The Baltimore Sun
By Mike Tidwell
I’m walking from Camp David to the White House starting Friday — 100 miles in the July heat. I’m doing this to honor the 19 firefighters who died fighting a wildfire near Prescott, Ariz., on June 30. These men died particularly horrifying deaths doing particularly heroic deeds. I’m also walking to honor the 50 men and women who died during the oil tanker train explosion this month in Lac-Megantic, Canada.

My eight-day walk — joined by scores of other Marylanders and citizens from around the nation — will serve to memorialize these people as victims of tragically interconnected factors. What factors? One: the intensifying trend of global climate change. And two: Big Oil’s perverse push to burn more and more exotic fossil fuels even as the planet itself catches fire. The Arizona firefighters were battling a blaze that fits the pattern of bigger wildfires that scientists say are linked to climate change, driven by the combustion of fossil fuels. The Canadian victims were burned alive by oil — riskily transported — from hydraulic “fracking” wells in North Dakota.

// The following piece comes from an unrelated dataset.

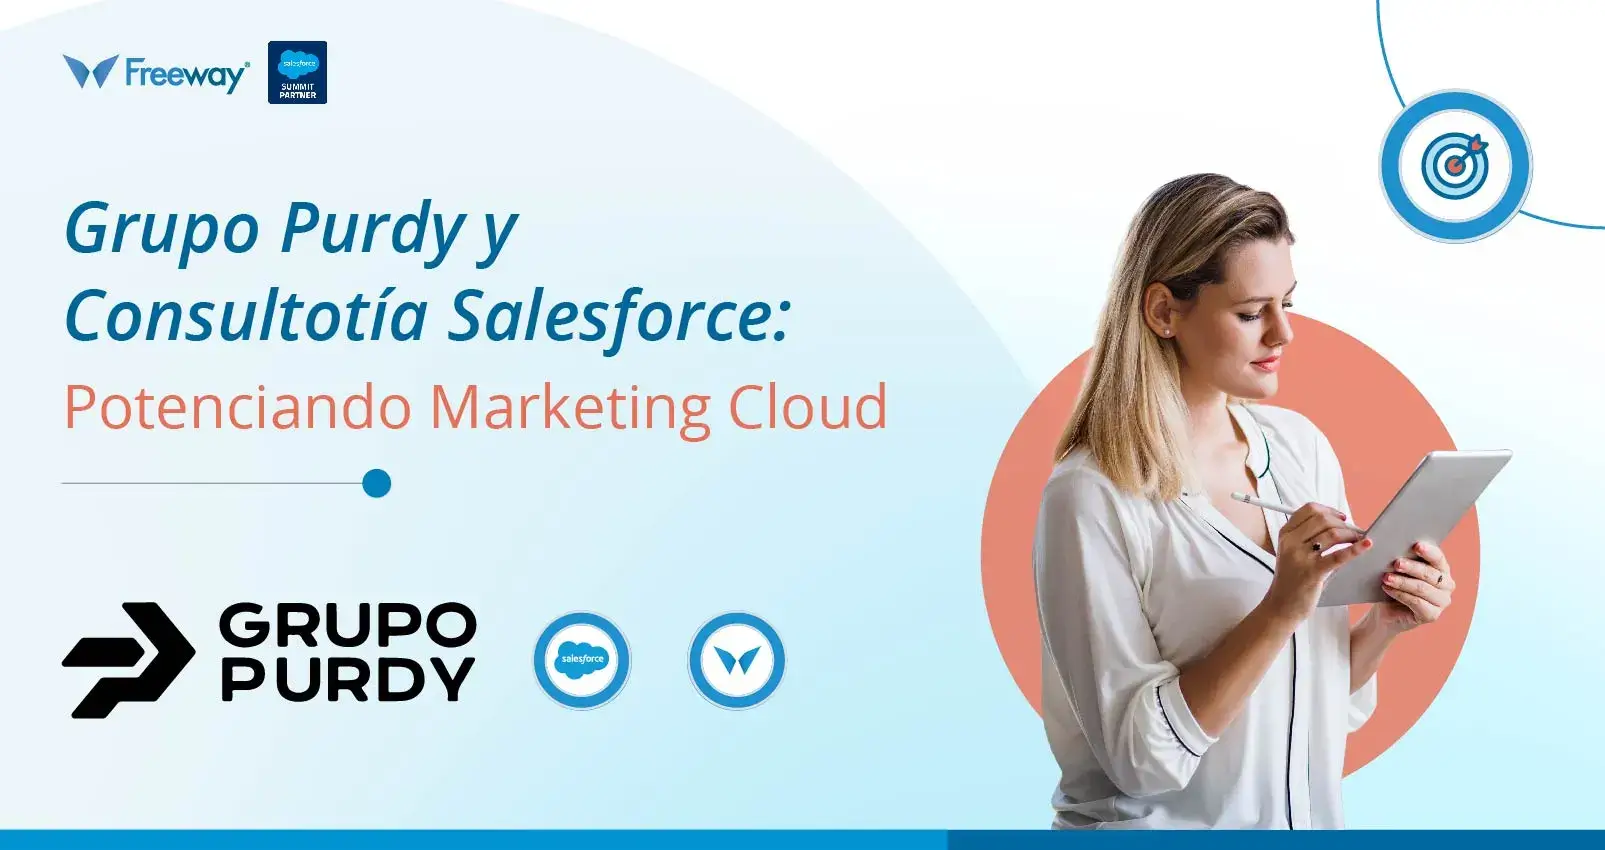 Optimizando el Potencial de Marketing Cloud: El Éxito de Grupo Purdy con Consultoría Salesforce de Freeway

Now, against this backdrop, comes one of the biggest decisions of Barack Obama’s presidency. Even as the president warns the public that “more droughts and floods and wildfires … are a threat to our children’s future,” he has yet to decide whether to approve one of the most potentially harmful fossil fuel projects of all time: the proposed Keystone XL tar sands pipeline. This pipeline, transporting the most carbon-intense oil known to humankind across the heartland of America, could mean “game over” for the climate, according to James Hansen, our nation’s top climate scientist.
And that’s why I’m lacing up my walking shoes. Starting Friday, I’ll traverse miles of Maryland hills, farms and streams between Camp David and the White House. My fellow marchers and I have a straightforward message for the president: Protect our brave firefighters. Protect innocent families from oil explosions and spills. Protect coastal communities from sea-level rise. Do not build the Keystone XL pipeline. Keep harmful fossil fuels in the ground.
We’re beginning our walk at Camp David — the presidential retreat in the Catoctin Mountains of Western Maryland — for a simple reason. That retreat was constructed in the 1950s for then-president Dwight D. Eisenhower. It was named Camp David after Ike’s grandson, David Eisenhower. The name conveyed the president’s vision of a place where he could honor and pass time with his children’s children in a wholesome and natural setting.
And so today, from the gates of this same spot in the Maryland mountains, we are walking to D.C. With our feet and with our hearts, we are asking our current president to honor and protect all grandchildren — including his own one day — by stopping the Keystone XL pipeline. We’re asking President Obama to globalize the spirit of Camp David, creating a world where energy decisions are made with the youngest generation in mind.
To his credit, on June 25 President Obama made a fresh start in the fight against dirty energy and climate change. On a sweltering-hot day in Washington, D.C. — armed with constitutional authority confirmed by the Supreme Court — he announced an executive plan to begin limiting carbon pollution from U.S. coal plants for the first time. He also laid out measures for developing more clean energy and greater efficiency across the country.
But tragically, this greener world, embraced in President Obama’s June speech, will not come in time to protect the grandchildren of the victims of the Canadian oil train disaster. And it will not come in time for the never-to-be-born grandchildren of the young Arizona firefighters. And, frankly, this greener world may never come at all if the president ultimately approves the Keystone XL tar sands pipeline, a pipeline Big Oil has spent tens of millions of dollars lobbying the White House to embrace.
And so, again, I walk. Recent estimates show that the fossil fuel industry has enough proven reserves of oil, coal, and natural gas in the ground to completely wreck our fragile climate five times over. These are proven reserves, worldwide. And it is the explicit intention of the fossil fuel industry to bring it all up to the surface and torch it all.
Unless we stop them, step by step. For our grandkids.